- **DATA**
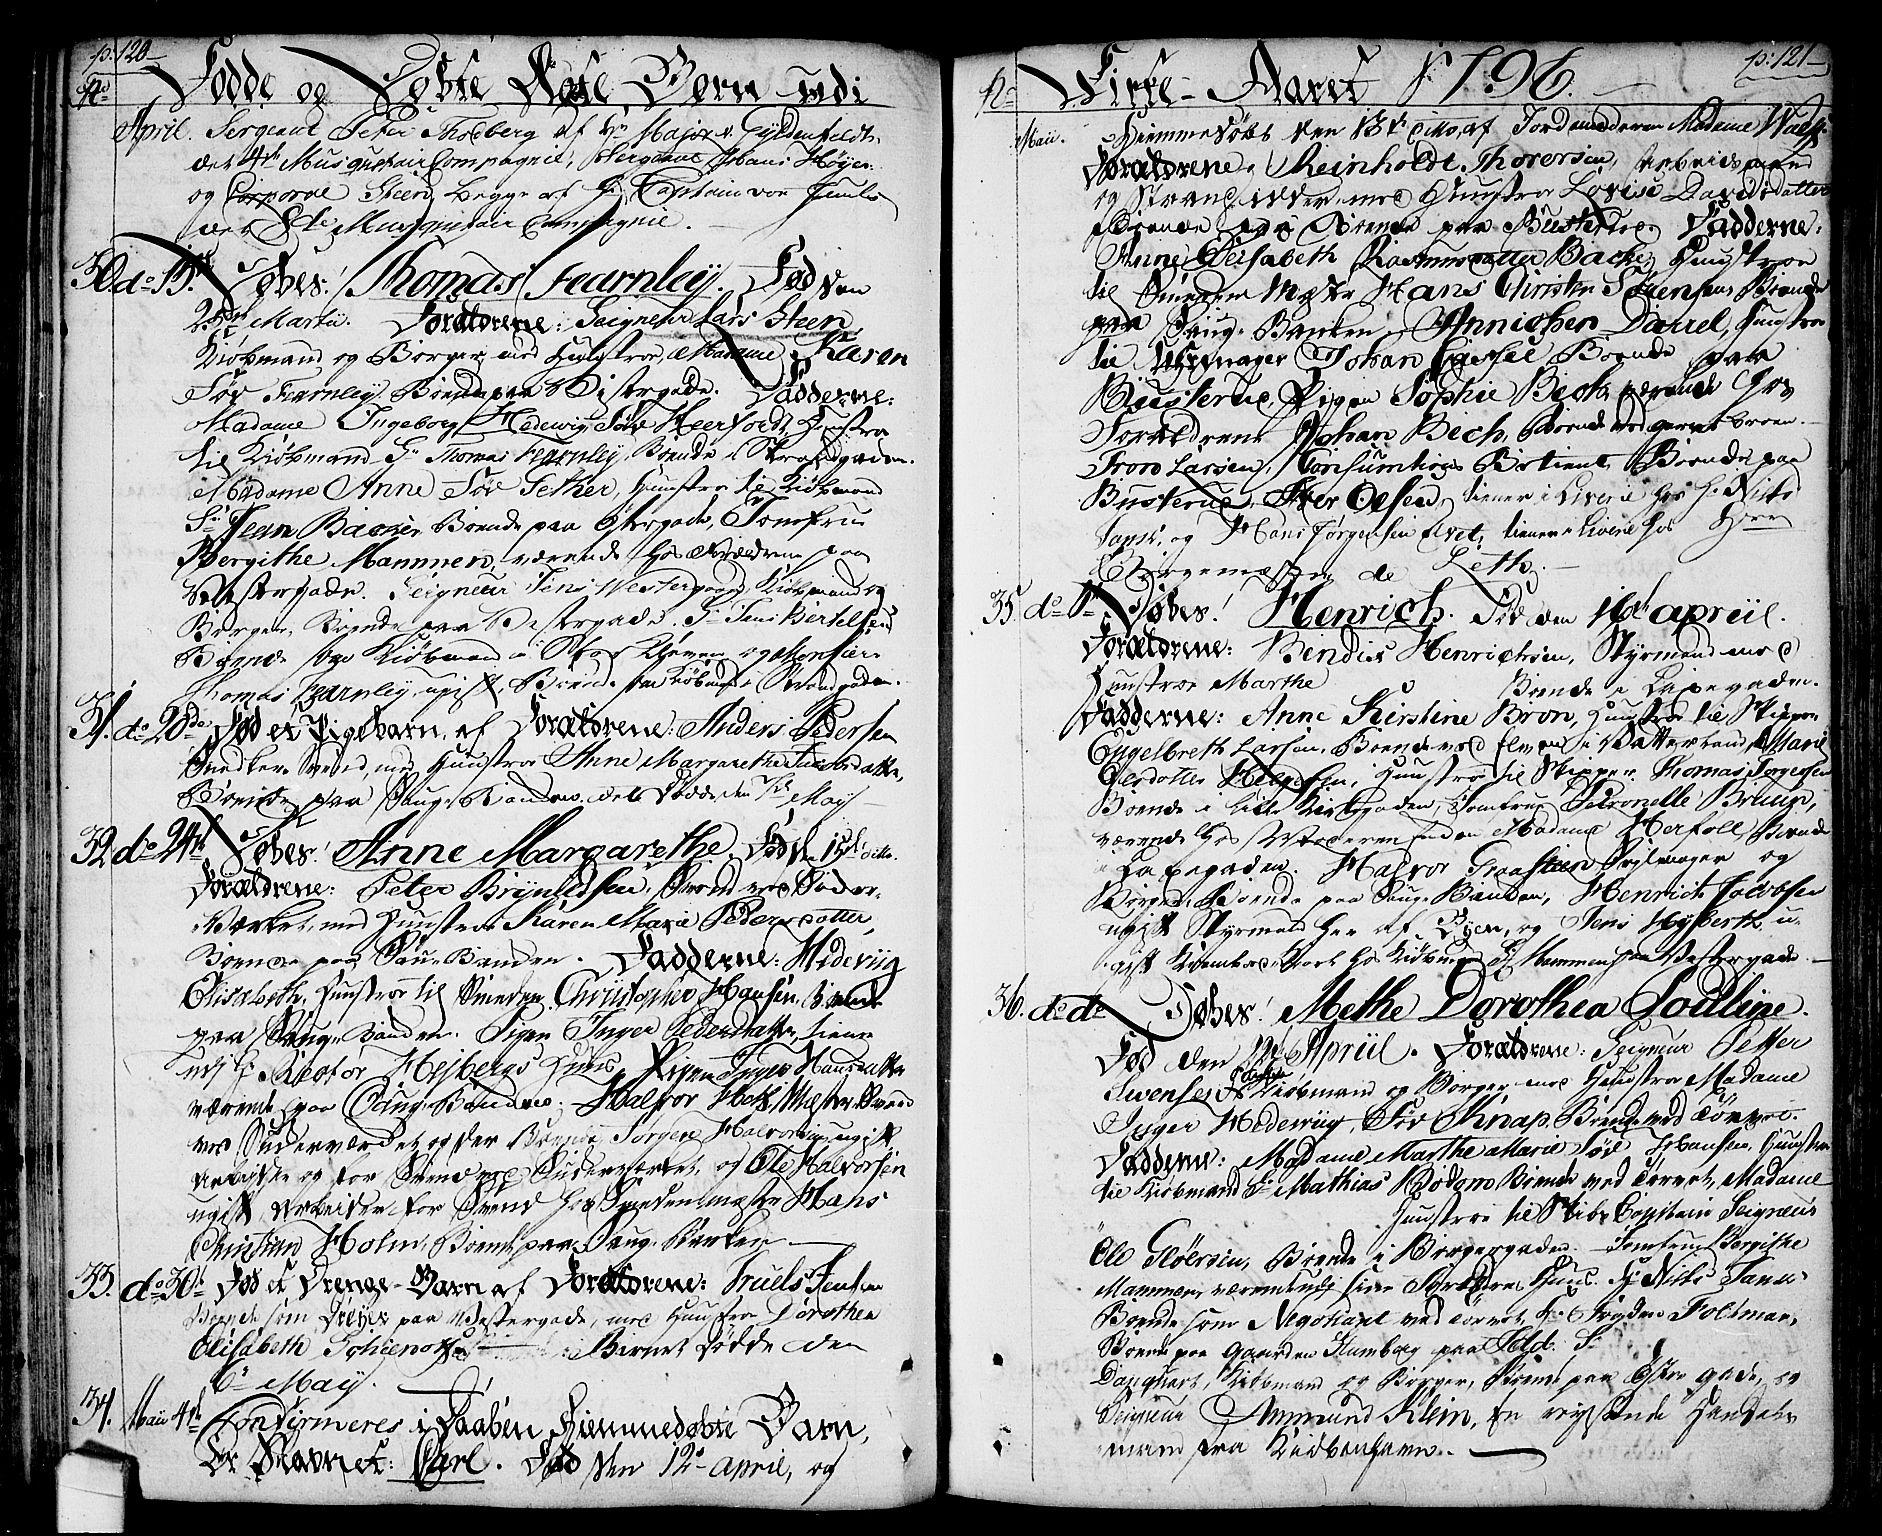 SAO, Halden prestekontor Kirkebøker, F/Fa/L0002: Ministerialbok nr. I 2, 1792-1812, s. 120-121
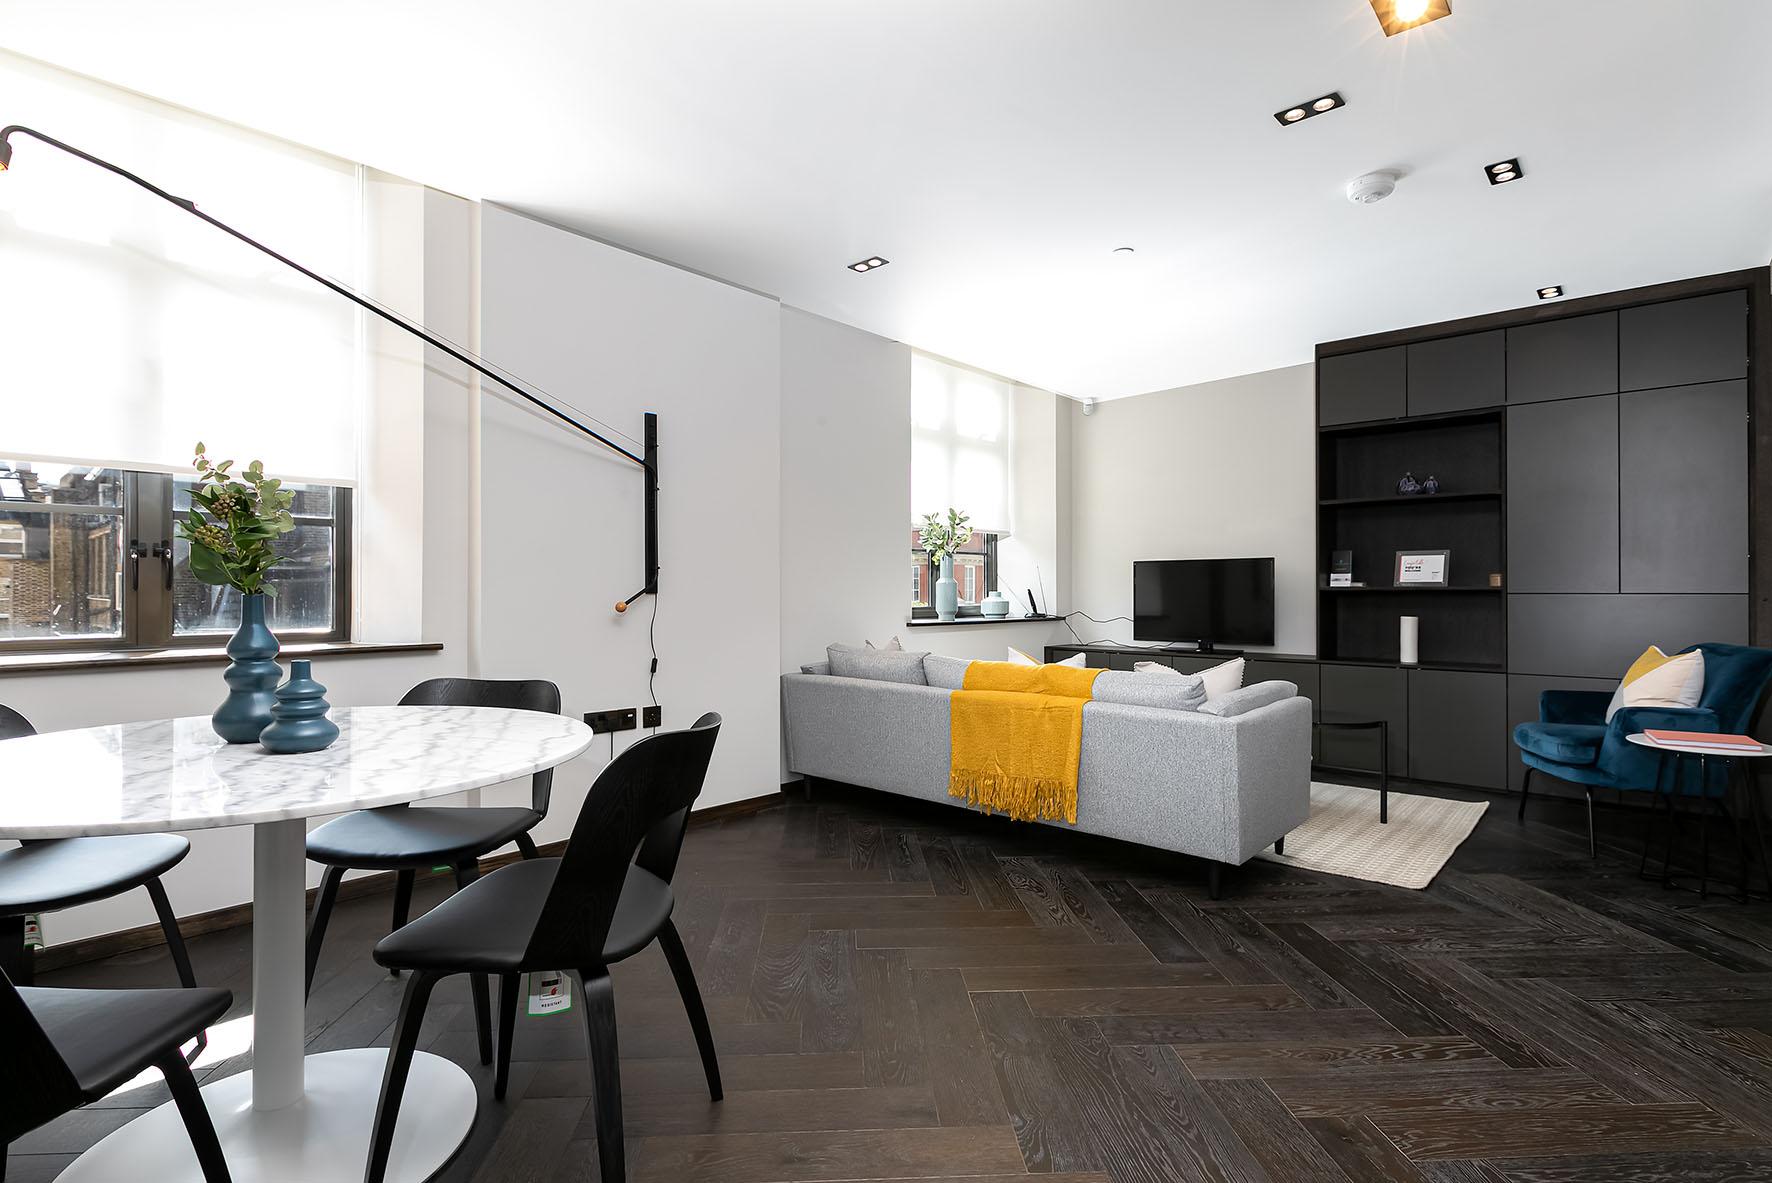 Lovelydays luxury service apartment rental - London - Soho - Oxford Street V - Lovelysuite - 1 bedrooms - 1 bathrooms - Luxury living room - 0ada28175f76 - Lovelydays
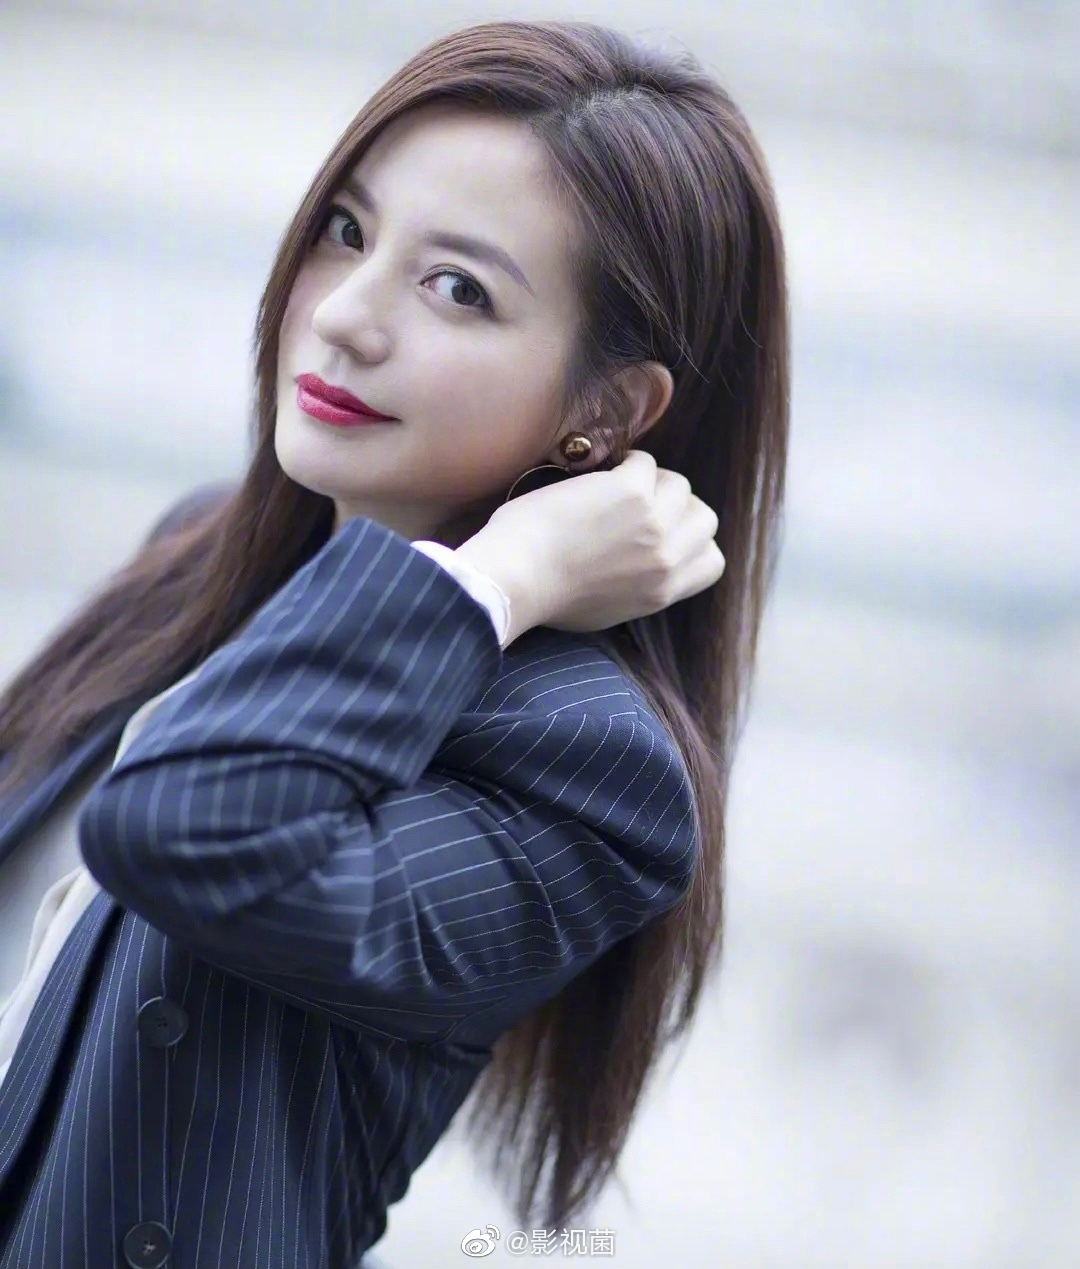 赵薇、秦昊、王鸥、刘敏涛、杨玏 主演的电视剧《学区房》将于1

- **THE TASK**
Now write out the data word for word, skipping every picture in it.

- **WRITTEN REPLY**
 SAO, Halden prestekontor Kirkebøker, F/Fa/L0002: Ministerialbok nr. I 2, 1792-1812, s. 120-121
 Lovelydays luxury service apartment rental - London - Soho - Oxford Street V - Lovelysuite - 1 bedrooms - 1 bathrooms - Luxury living room - 0ada28175f76 - Lovelydays
 赵薇、秦昊、王鸥、刘敏涛、杨玏 主演的电视剧《学区房》将于1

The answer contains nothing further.